(Data section)

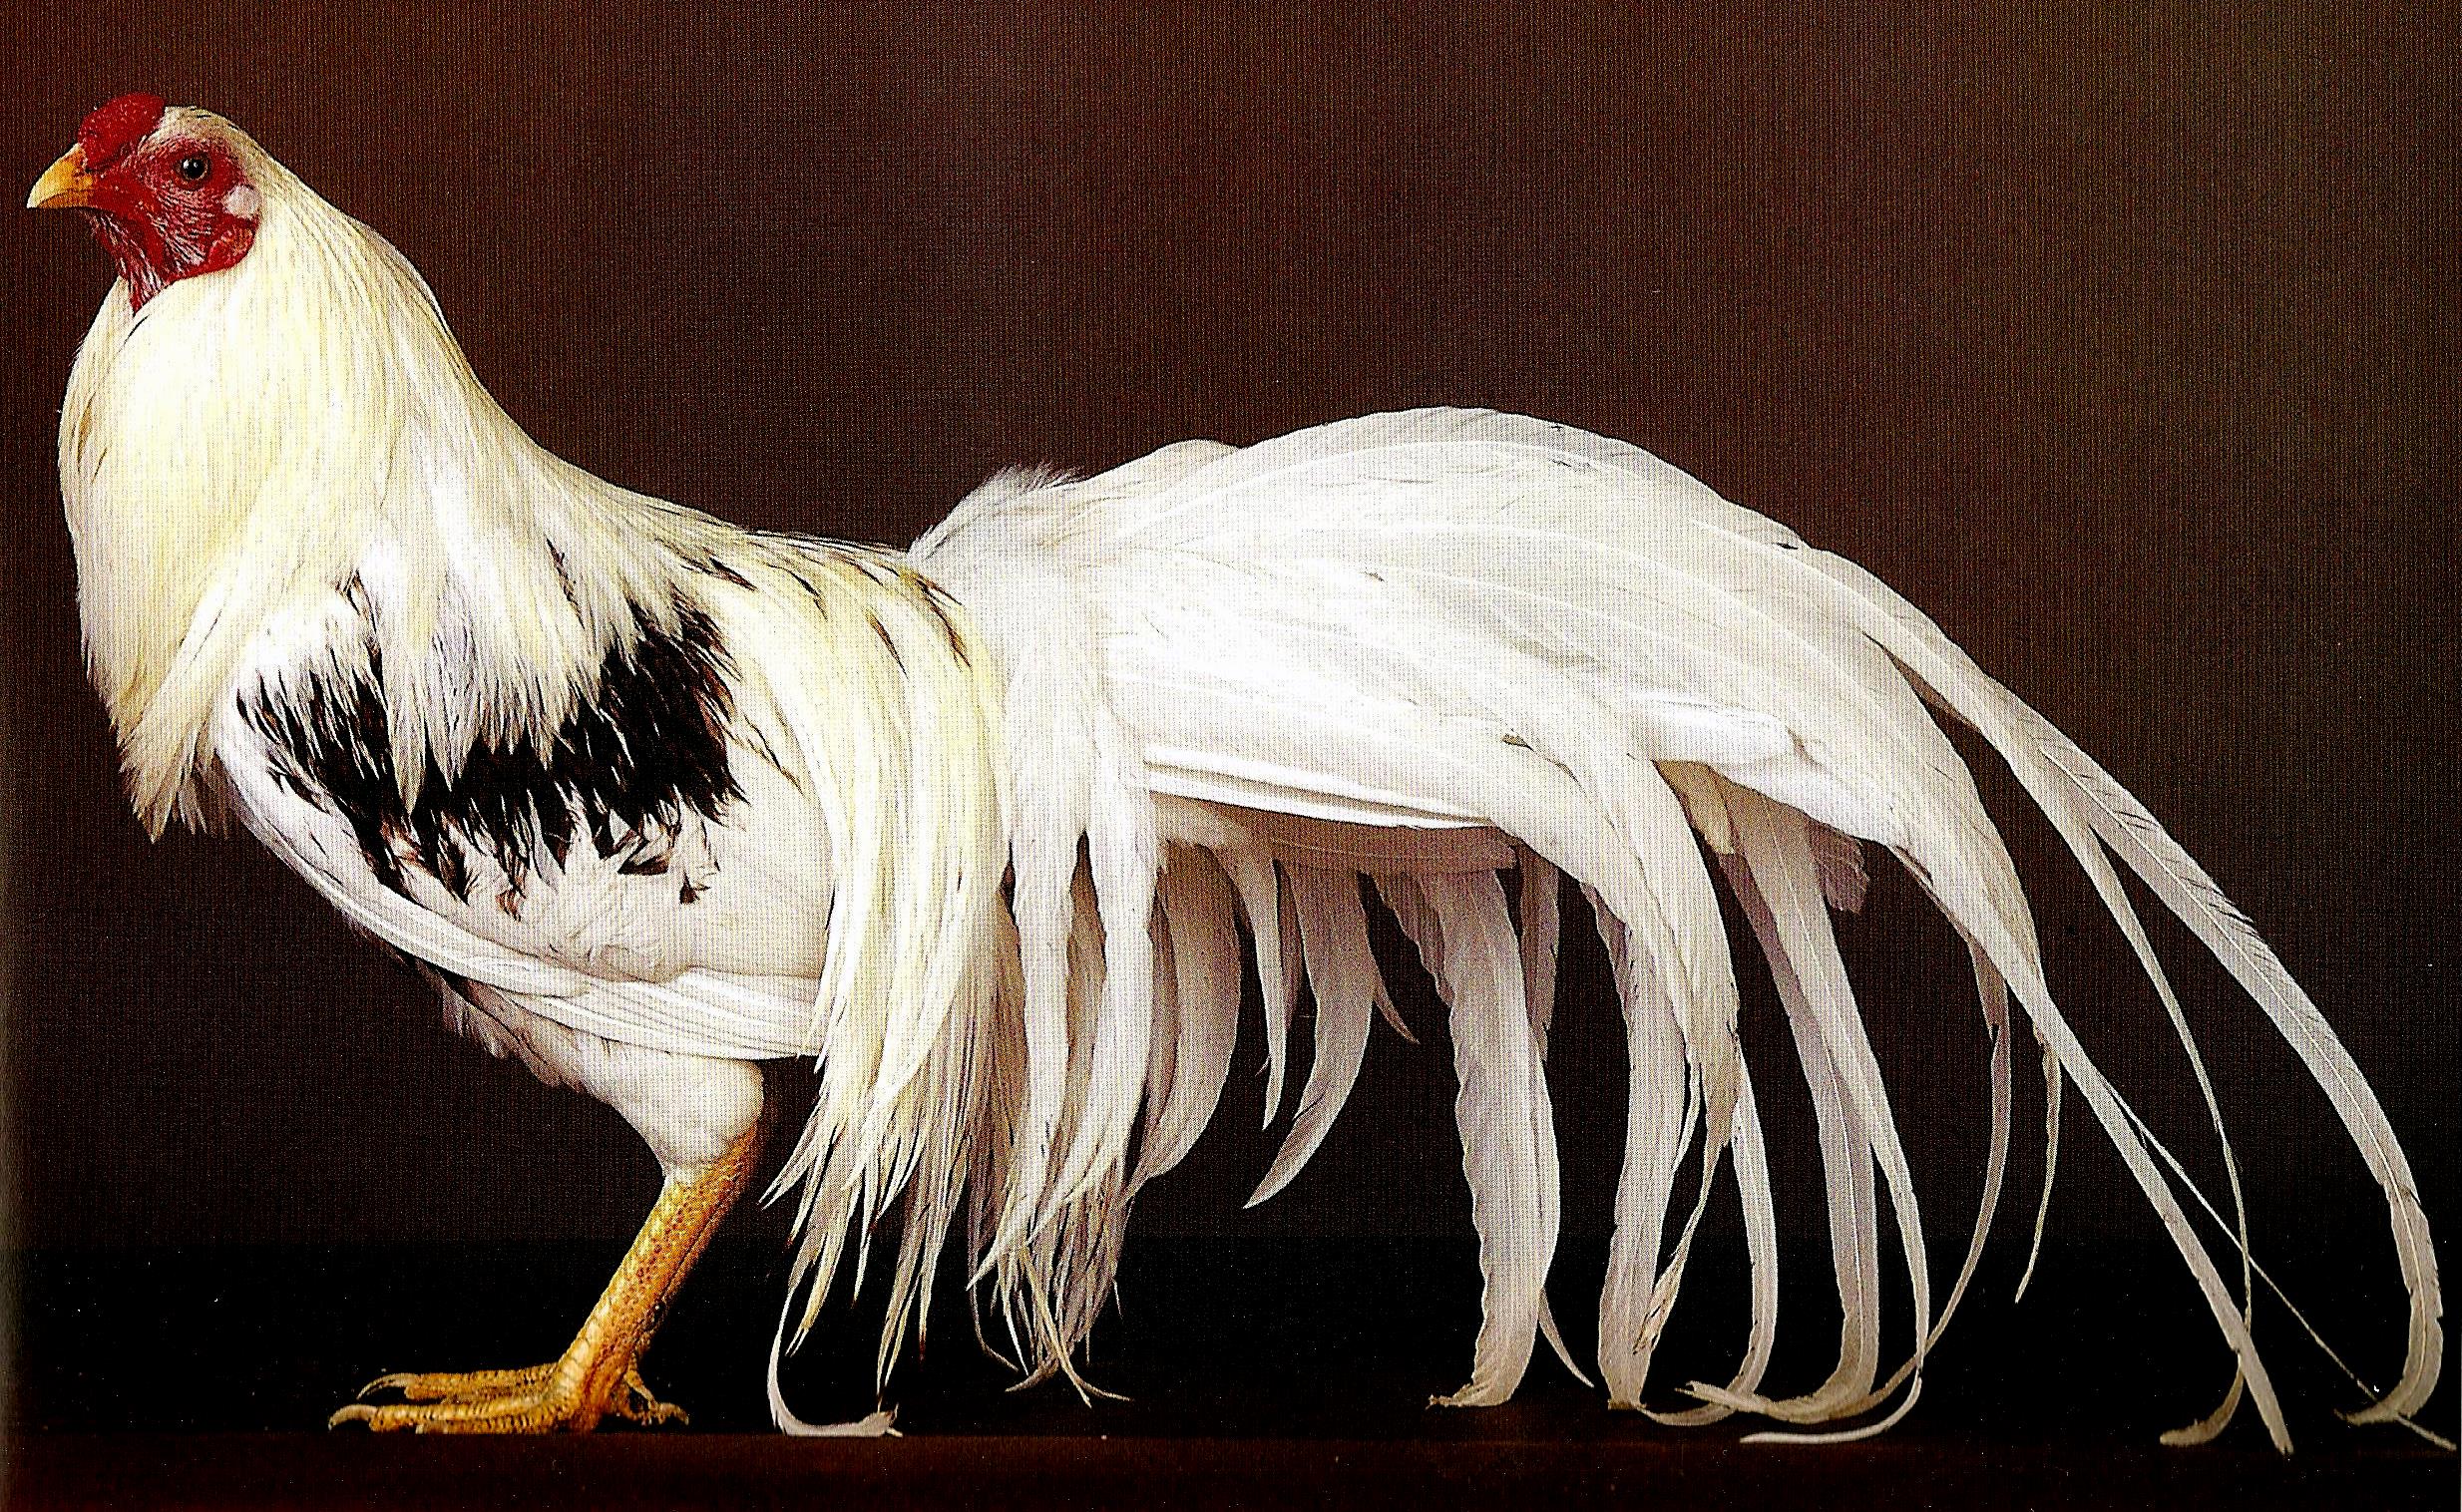 Йокогама порода кур – описание, фото и видео
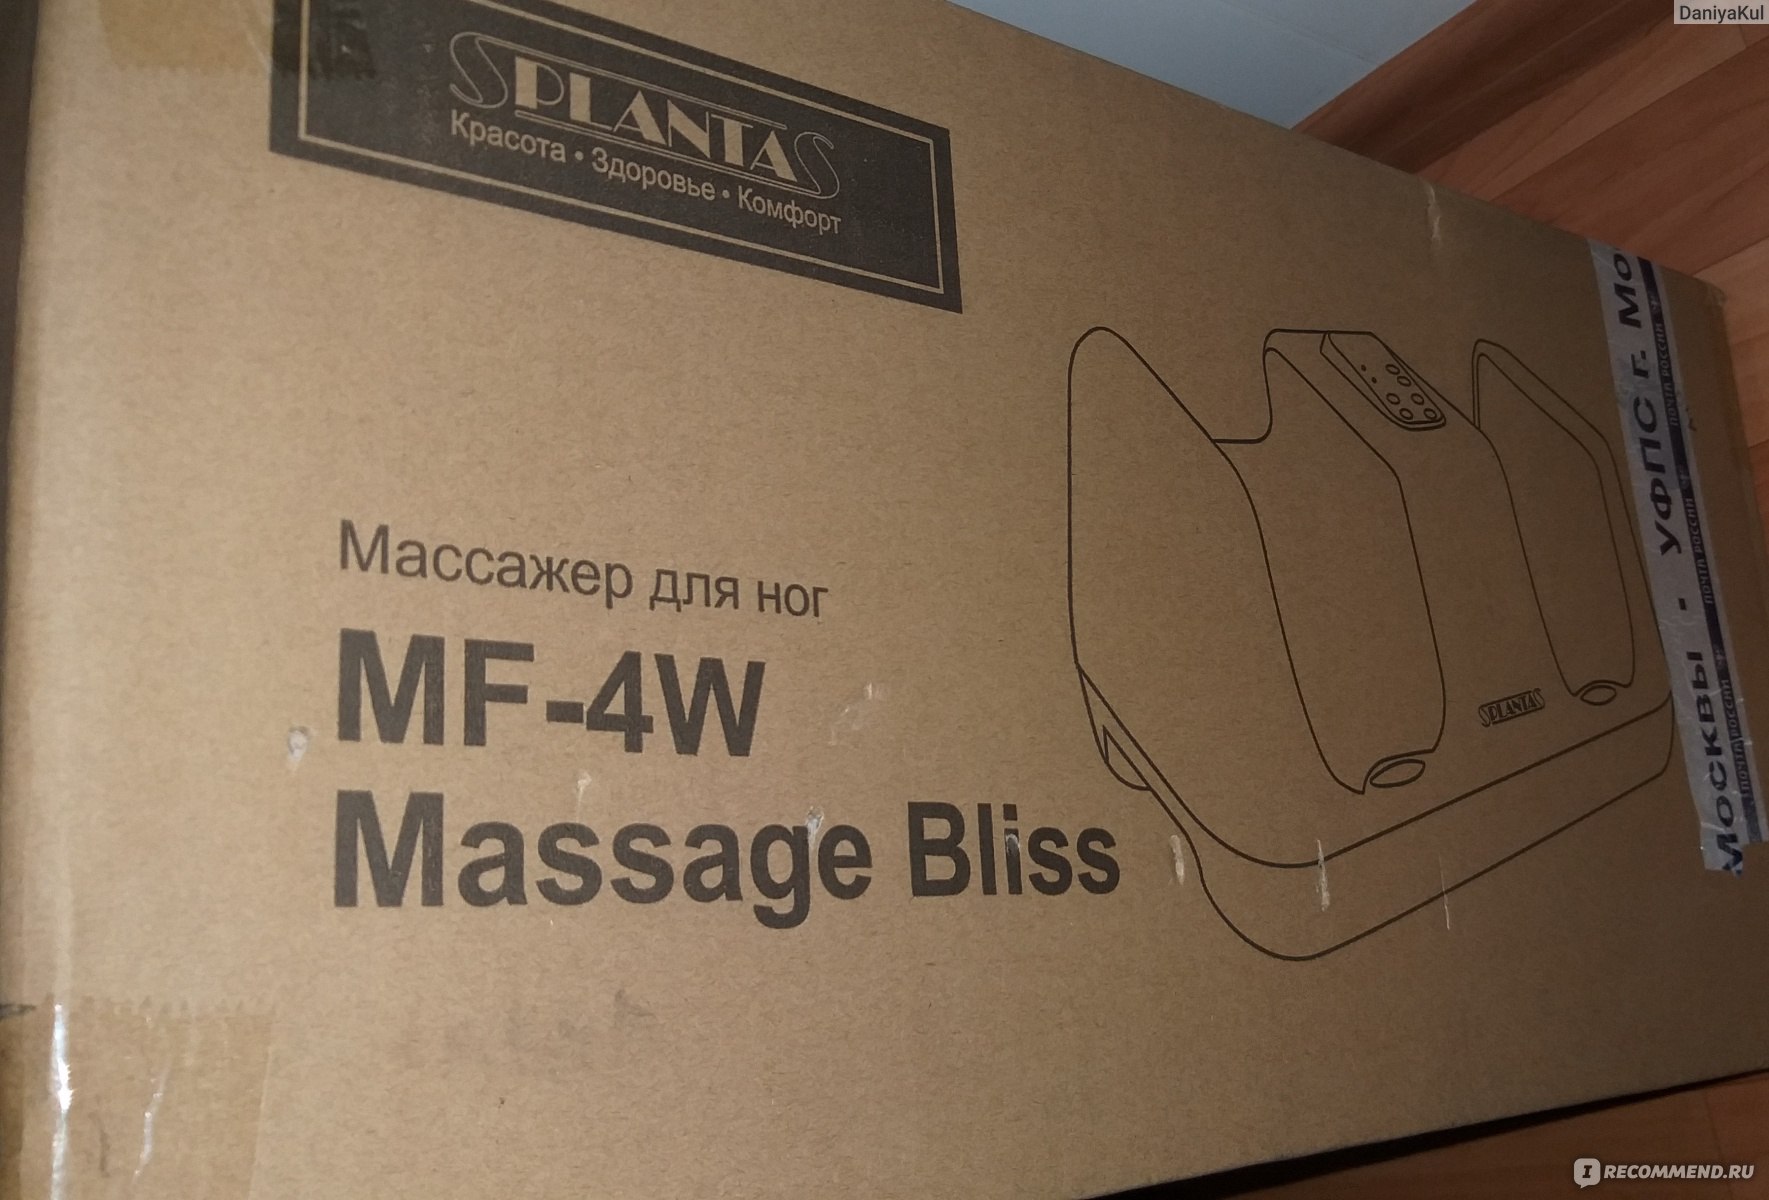 Mf 4w massage bliss. Массажер для ног planta MF-4w massage Bliss белый, черный. Massage Bliss инструкция.
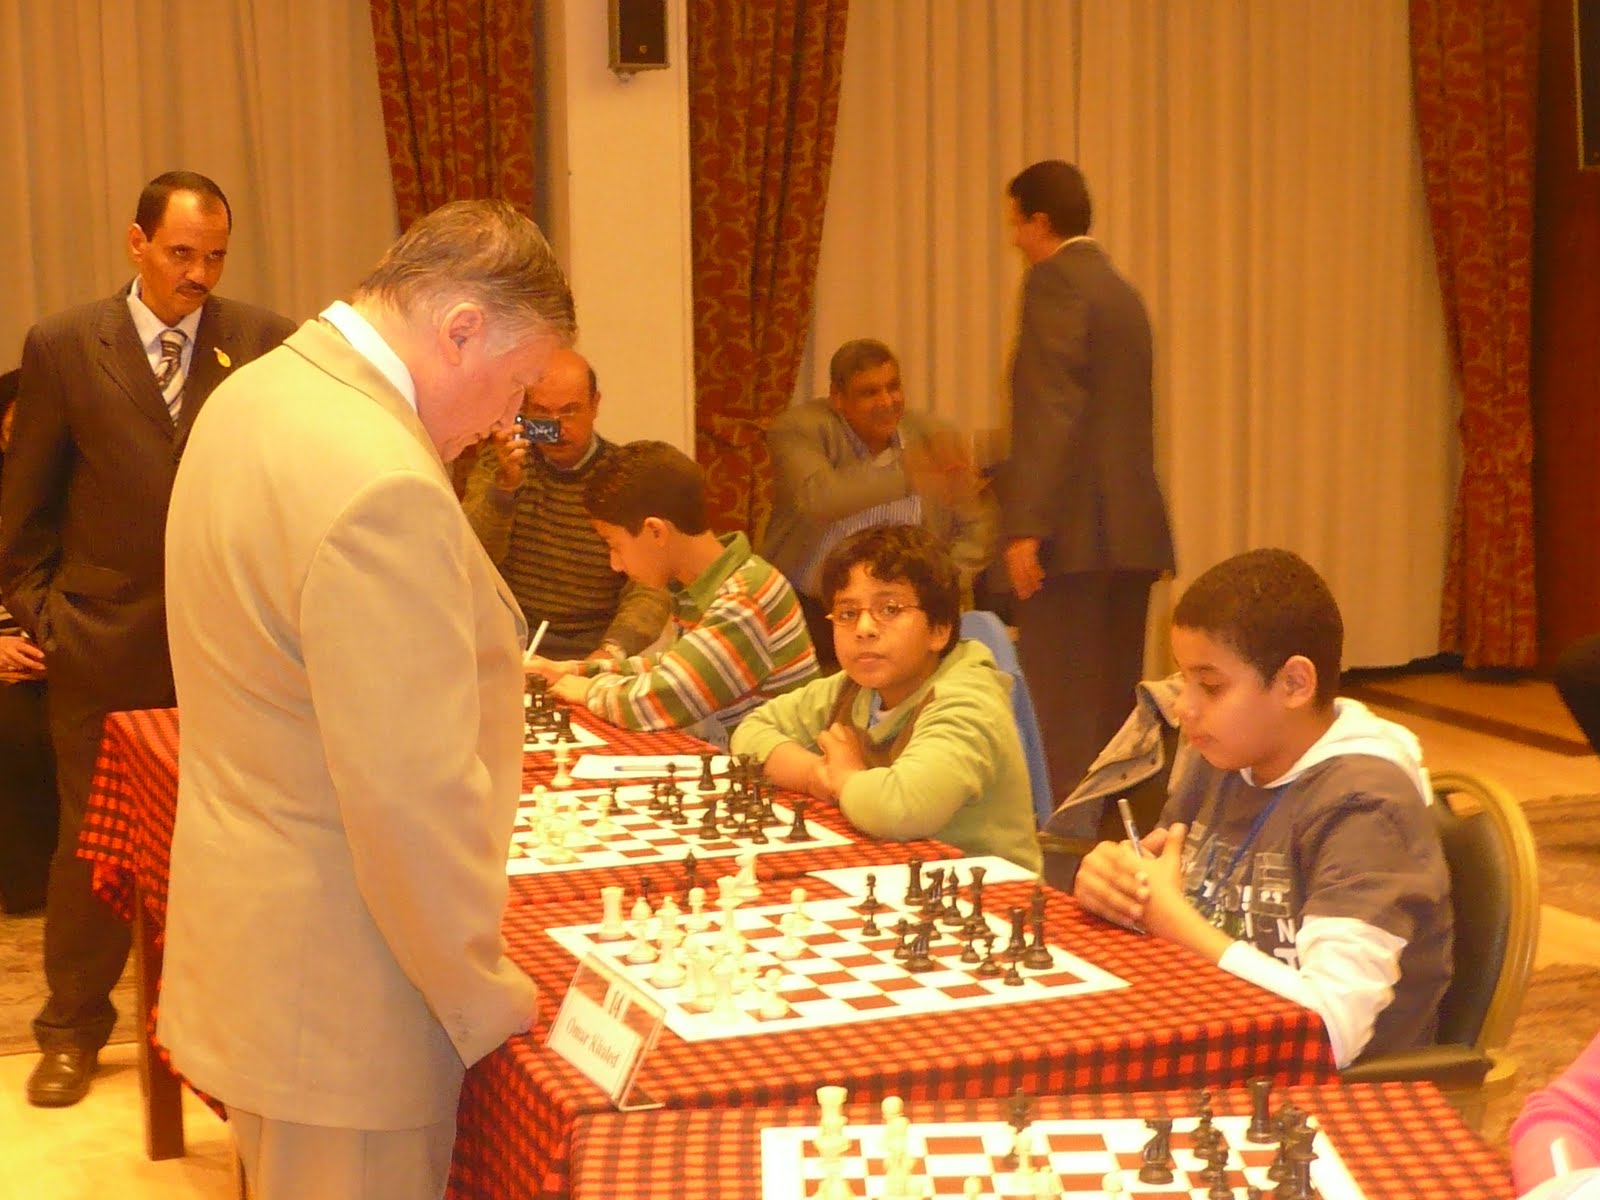 World chess champion Anatoly Karpov having a simultaneous display

(End Data section)

§ **Task to complete**
An exact repeat of all the data is required, pictures excluded.

§ **Written answer**
 Йокогама порода кур – описание, фото и видео
 Mf 4w massage bliss. Массажер для ног planta MF-4w massage Bliss белый, черный. Massage Bliss инструкция.
 World chess champion Anatoly Karpov having a simultaneous display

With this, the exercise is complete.